Micky uśmiechnął się szeroko, rejestrując zirytowany wyraz twarzy kolegi. Junsu wywinął się spod jego ręki i wstał

- Ja nie piję i dobrze o tym wiesz - burknął, wciąż nieprzekonany

- JA stawiam, w końcu to MOJA wina - wyraźnie zaakcentował słowa, przyciągając uwagę młodszego chłopaka.

- Dobra - powiedział z podejrzanym spokojem - Skoro stawiasz, to idziemy coś zjeść

Zawyrokował Junsu, ściągając koszulkę i przeglądając garderobę. Yoochun mimowolnie powędrował wzrokiem za chłopakiem i przyglądając mu się uważnie, odchylił się do tyłu, podpierając się rękami. Wypuścił z żalem powietrze gdy nagie ciało zniknęło pod materiałem. Junsu spojrzał przez ramię, rzucając Yoochunowi zdezorientowane spojrzenie, przed którym starszy chłopak uciekł, spoglądając w okno.

- Hitsumabushi?

Zapytał Yoochun i zarejestrował szeroki uśmiech na twarzy Junsu. Uśmiechnął się mimowolnie i rzucił chłopakowi marynarkę. Łapiąc po drodze klucze, zgasił światło i wyszedł z mieszkania, doganiając chłopaka.


~*~


- Changmin?

Jaejoong z niepokojem spojrzał na najmłodszego członka zespołu. Pamiętał, że gdy odchodził od stolika, wszystko było w jak najlepszym porządku i na pewno nie spodziewał się takiego widoku po powrocie.
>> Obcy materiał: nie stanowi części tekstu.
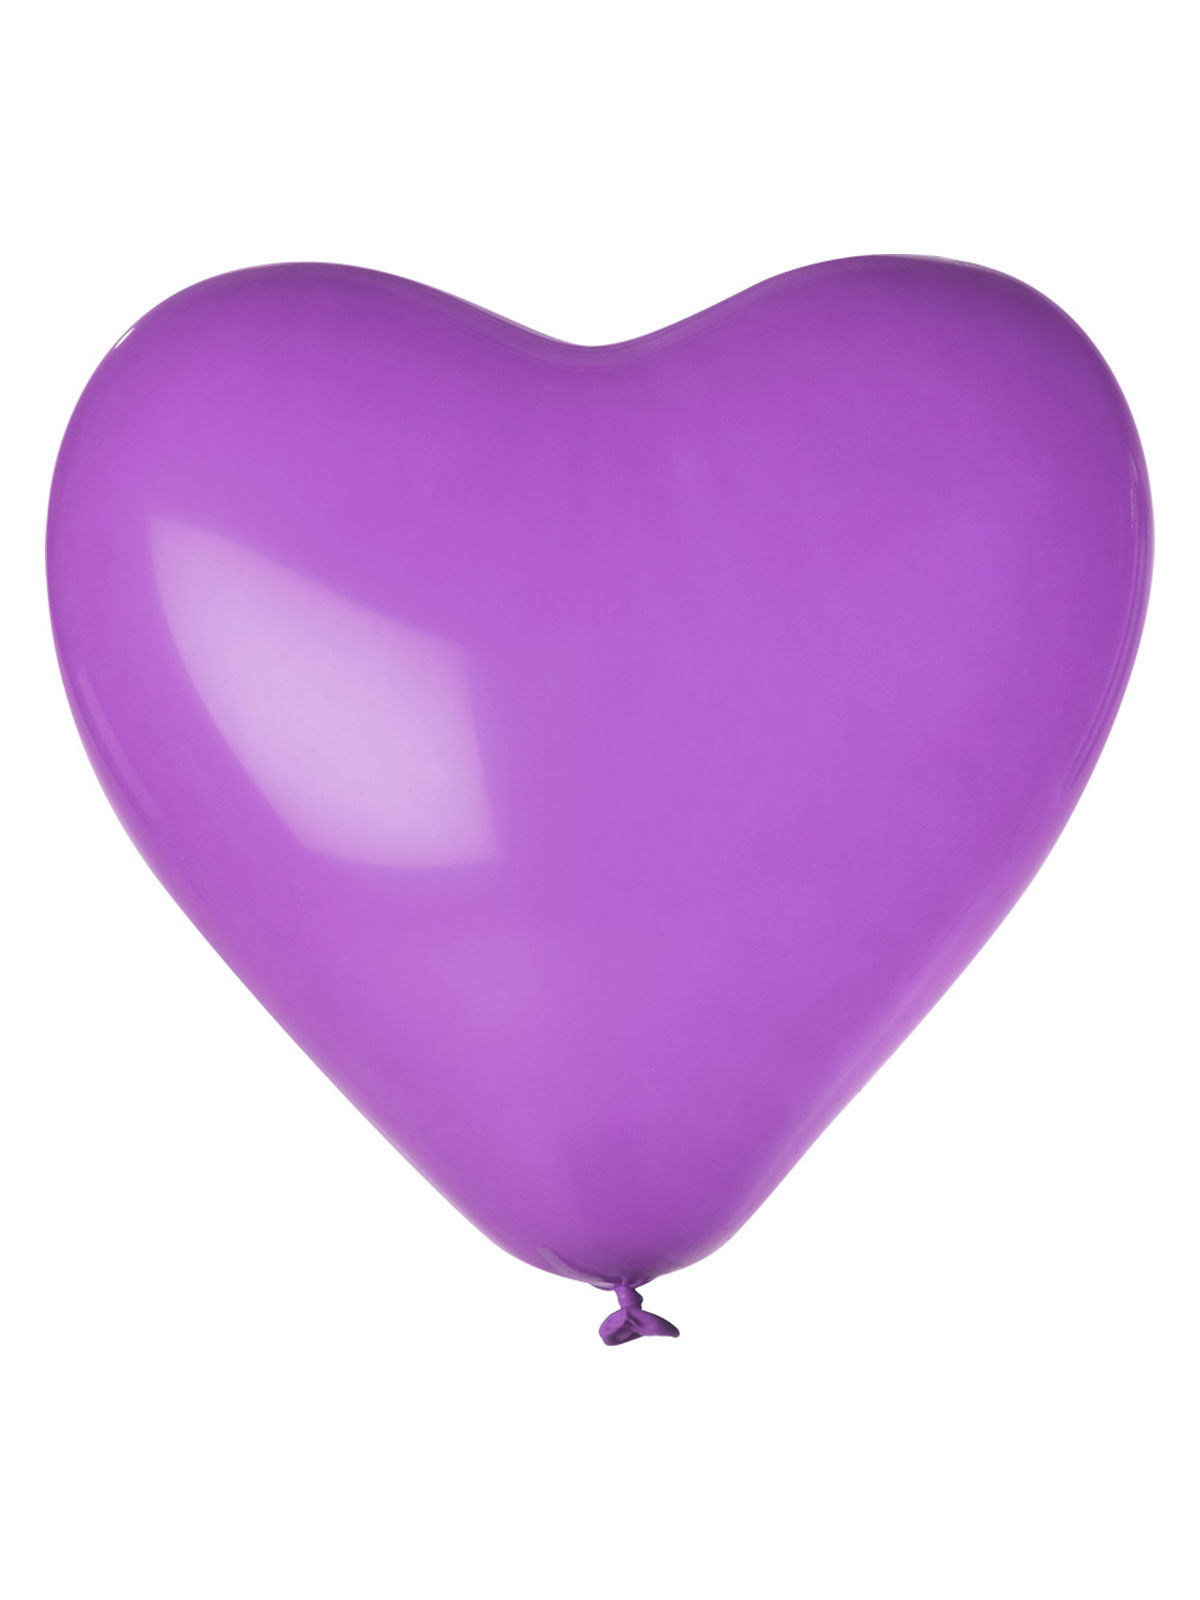 Herz luftballon set 12 st ck ballons party deko lila 33cm g nstige faschings partydeko - Luftballon deko ...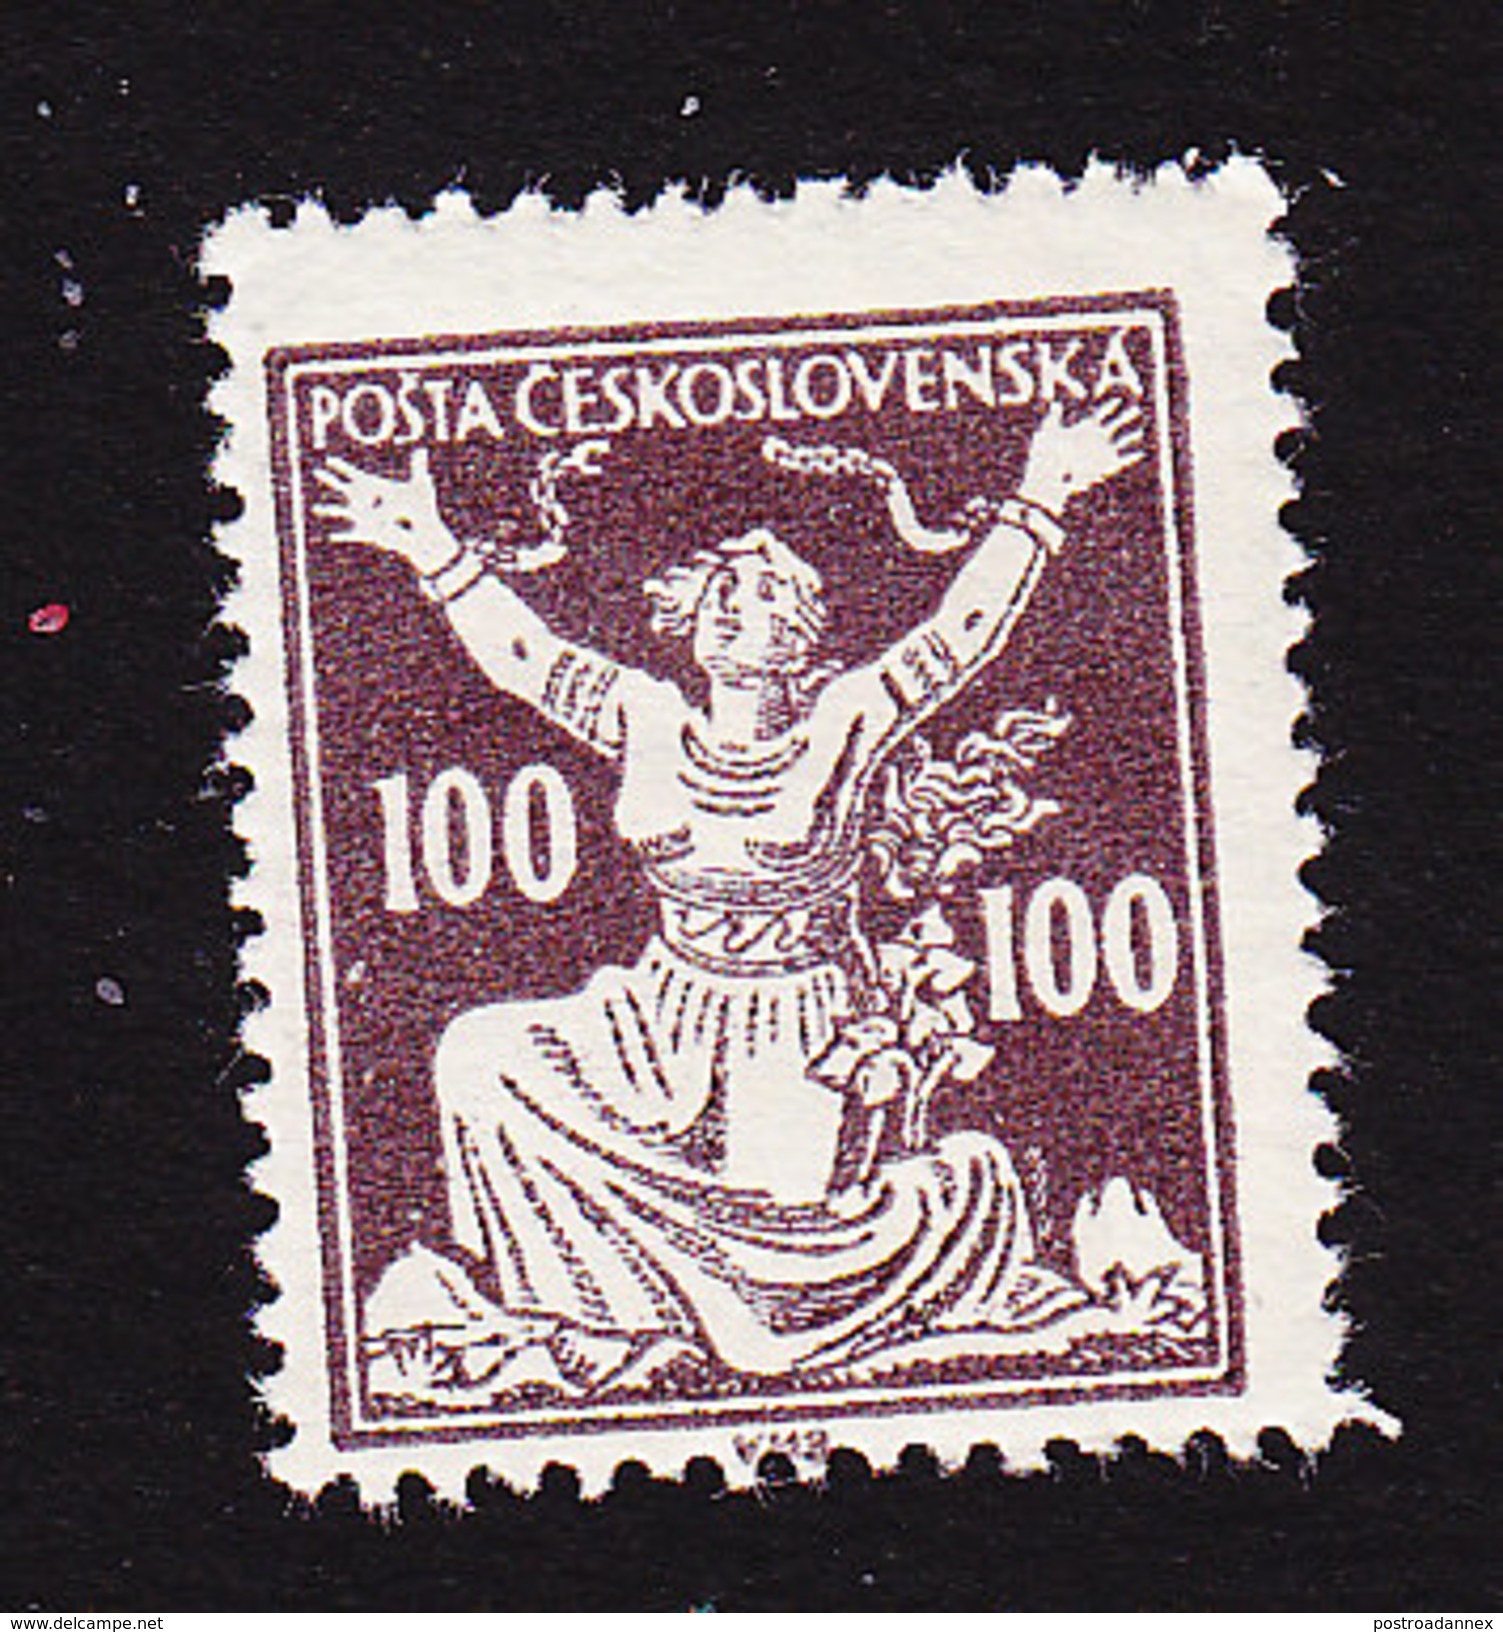 Czechoslovakia, Scott #88, Mint Hinged, Czechoslovakia Breaking Chains, Issued 1920 - Unused Stamps

Rozejrzał się uważnie dookoła, szukając wzrokiem Yunho, który powinien siedzieć z Changminem.
Może faktycznie powinien przemyśleć lepiej propozycję grupki fanów, którzy zaprosili ich do stolika i na którą tylko on przystał, zostawiając pozostałych członków zespołu samych. Teraz wpatrywał się w głowę Changmina, która leżała bezwładnie na stole w towarzystwie kilku butelek sake i zastanawiał się, czy w ciągu godziny możliwe jest wypicie takiej ilości. Wszystko wskazywało na to, że taka możliwość istnieje jednak jej skutki nie były przyjemne. Przynajmniej nie miały być przyjemne następnego dnia i już teraz współczuł chłopakowi.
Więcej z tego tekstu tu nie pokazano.